We water and grow our groups and movements with our creative energy, until they become entities with their own lives. If the raison d’etre for our group is, for example, working towards disarmament, then weapons need to be present in order for this identity to live. When promoting disarmament, the group moves towards its own demise. But living things usually seek to continue living. This can put the group in conflict within itself, that generally doesn’t display overtly, but does contribute to ineffectiveness.

If the group or movement is defined through its positively stated objective, though, then once the harm is overcome, the group naturally transitions into maintaining the new space. Perhaps the disarmament group is instead identified as a trust building group. Then as fear of the other and reliance on weapons diminishes, the group continues its work on keeping communication open, facilitating conflict resolution, reconciliation, and other activities that will maintain openness and connection. Indeed, without ongoing cultivators, how long would disarmament last, if achieved? Does one go through all the work of breaking new ground and planting a vegetable garden, then abandon it, yet still expect it to feed anyone?

Art Permeates

Art draws from and deposits into collective cultural awareness and subconscious. Through art, we form and express our collective myths. We live and die by the news from poems. We test the unity of dance and freedom.

Changing our stories about ourselves and world can help us to move out of harmful patterns. As the public interacts with an art form, there are experiences of resonance and dissonance. Maybe the art draws people in to a collective vision, or maybe it causes discomfort that seeks resolution. Maybe it testifies. A person can experience these things consciously or unconsciously. They can also pass along their response to someone who has never seen the art, with or without intention of doing so. The stronger these resonances and dissonances are, and the more people they reach, the greater the creative effect of the art.

Through this interaction, art has the ability to form and change the cultural myths – the way people visualize and understand themselves, their movements in the world, what is sacred, how their relationships work between each other, the elements of their world, and the divine.

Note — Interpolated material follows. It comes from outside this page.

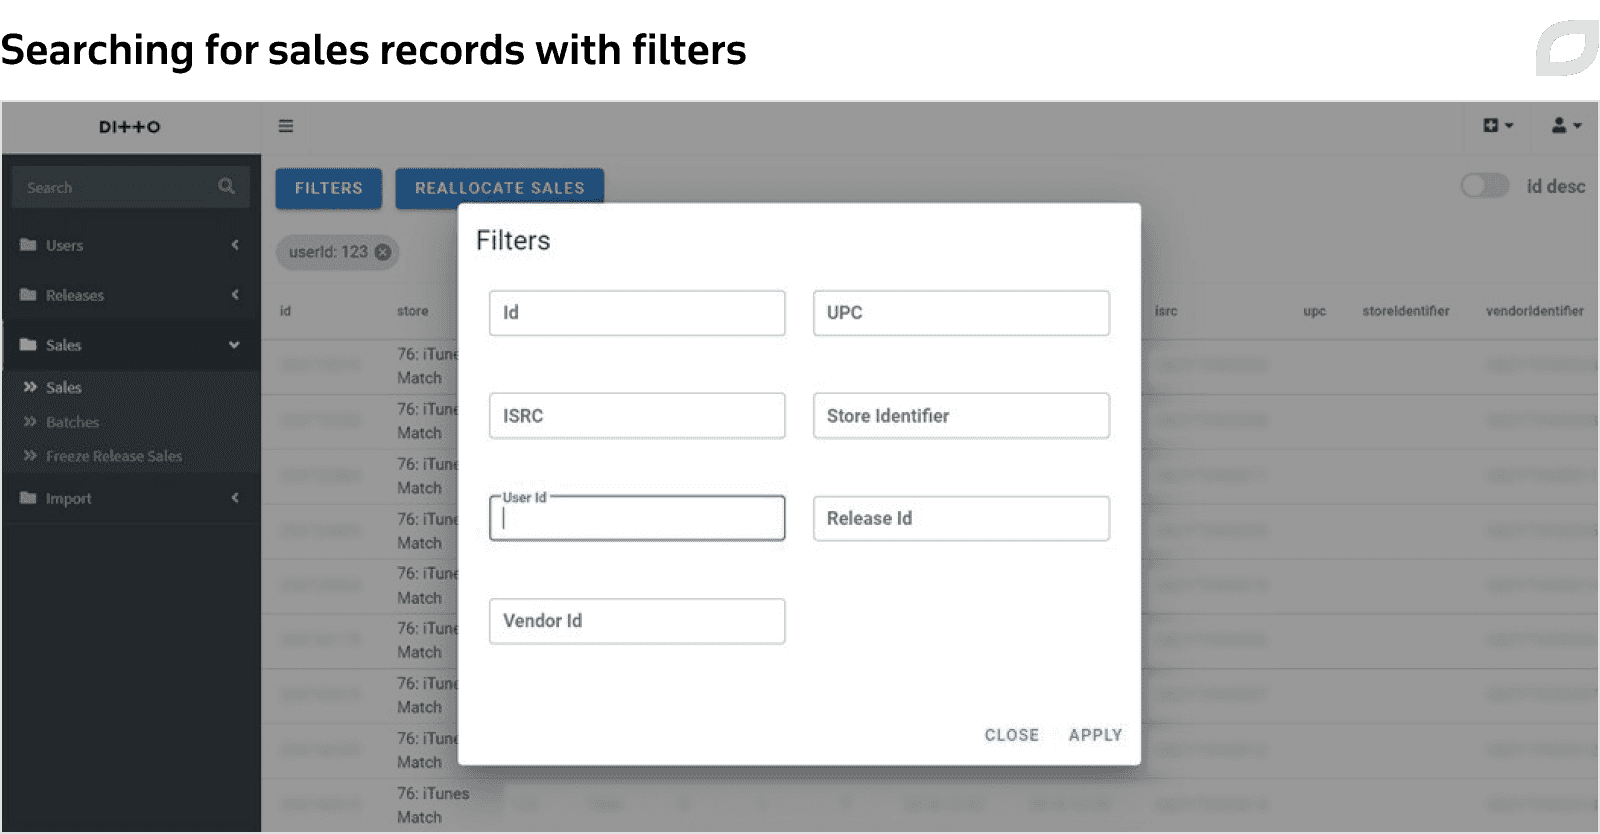 Searching for sales records with filters

It’s important to recognize it as an interaction. The artist does not wield power to control the culture. If the artist’s work doesn’t resonate with very many people, then it’s effects will be limited. It is also difficult (impossible?) to make artwork when the artist isn’t feeling a creative energy with a life of its own welling up. Unless the artist taps into that well, a flow that is fed by the collective culture, the life experiences of the artist, as well as by the sacred, then the resonance is weak.

The artist interacts with the collective culture and the creative spirit who in turn interact with the artist. Anyone engaging with both collective culture and creative spirit is in the archetypal role of the artist, regardless of whether the medium is paint or music or words or social structures or systems. Any entity, power group, or system that represses the creative spirit will die. A movement that nurtures and embraces creative spirit cannot be stopped, but the creative spirit also will not be controlled by anyone.

What Do You Make of It?

The ways of moving like water and growing or creating something new are infinite. Here are just a couple of ideas for getting started. 

1. Identify Your Focus on Obstacles
Where are you focused on what’s in your way? How can you refocus on what you want to see rather than don’t want to see? This may change your actions in large ways or small subtle ones. Some you may only notice using mindful awareness.

2. Rename and Rewrite
Whether it be the name of a group or department or movement, a mission statement, the sign you carry in a justice march, replace the no’s with yes’s. What are you asking for? What are you picturing? What are you making? What does justice look like?

3. Paint Your Vision
Whatever your medium is – whether graphite or ash, pigment or words or dance or notes. Speak it from deep within. Speak it from beyond yourself.